As you’d expect, figuring out if the tool you’re using is pulling rubbish out of the air is important, which is why the TruthfulQA benchmark tests questions that frequently trigger common misconceptions or false answers. The benchmark checks whether the model repeats those misconceptions or correctly avoids them, using 817 questions spanning 38 categories covering myths, conspiracies, misinformation, trick questions, and more.
TruthfulQA is actually one of the most popular AI hallucination benchmark tools, with over 5,000 Google Scholar citations, and the main metric it measures is truthfulness: does the model produce a factually correct answer, or does it confidently generate something false?
Benchmarks are useful, but they don’t tell the full story
Misunderstood, or just misused?
The alternative options above highlight that benchmarks are still supremely useful for understanding AI performance. I’m not arguing that they shouldn’t be used, just that most of the time, they are misused and present information that doesn’t portray how useful an AI tool is, or, as per the final set of tests, how accurate it is.

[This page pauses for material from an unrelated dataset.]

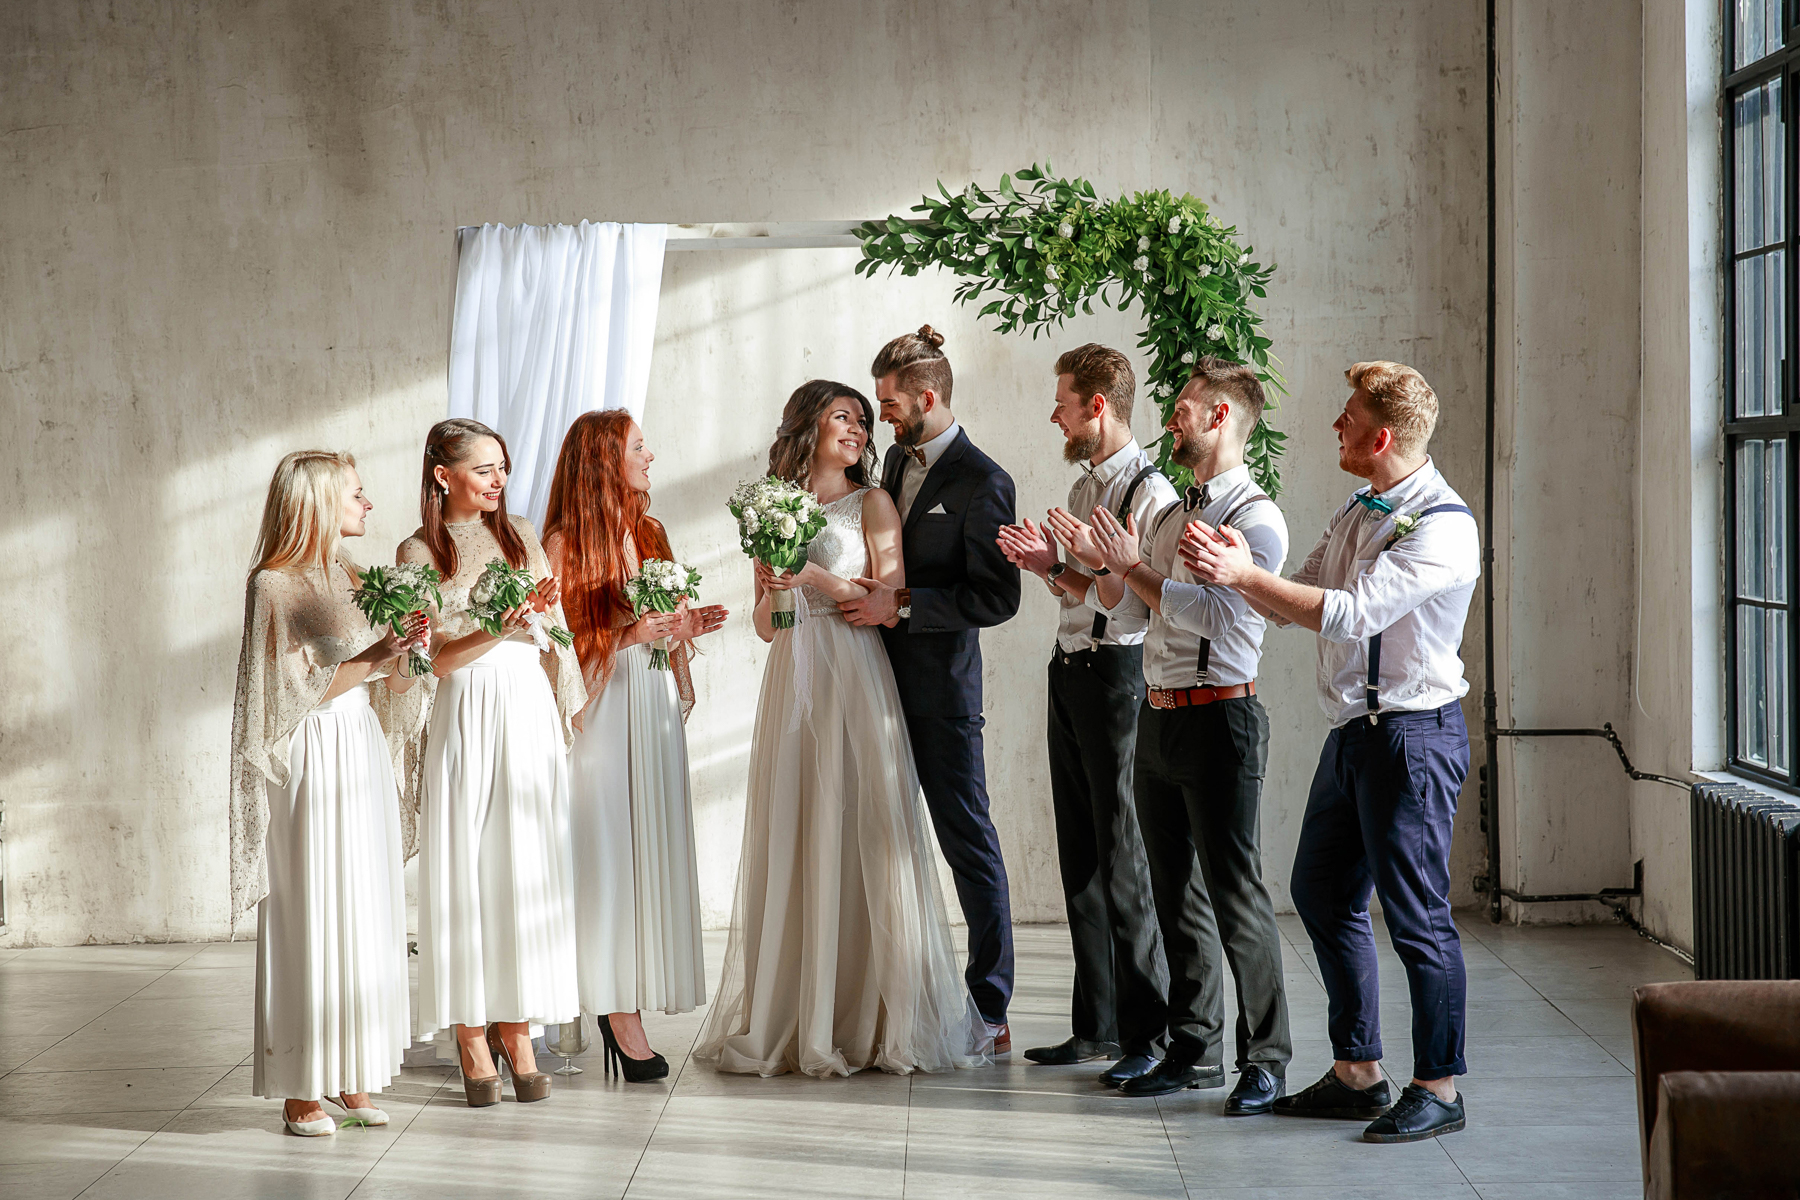 Одежда гостей на свадьбе

I’m also painfully aware that the answer to avoiding benchmarking shouldn’t necessarily be to use more specific benchmarks. The most effective absolute alternative is to use a specific prompt that you’re familiar with and can judge the output of across different tools. For example, MakeUseOf Segment Lead Amir Bohlooli pushes AI tools to create a simulation and judges the output. You can also use some of the tried and tested riddles and probability puzzle prompts to see how an AI model responds, or use a series of prompts designed for specific model types.
In all cases, you’re judging the output on your own metrics and how it suits your requirements rather than relying on external benchmarking to tell you what works. In that, combining the outputs of your prompts with more human-centric benchmarking tools, such as Chatbot Arena.
So, the next time you see a new AI model that’s 13.7 percent better on MMLU, you can ask yourself the question: Does that actually make the AI model better, or is it just another controlled benchmark experiment designed to make it look good?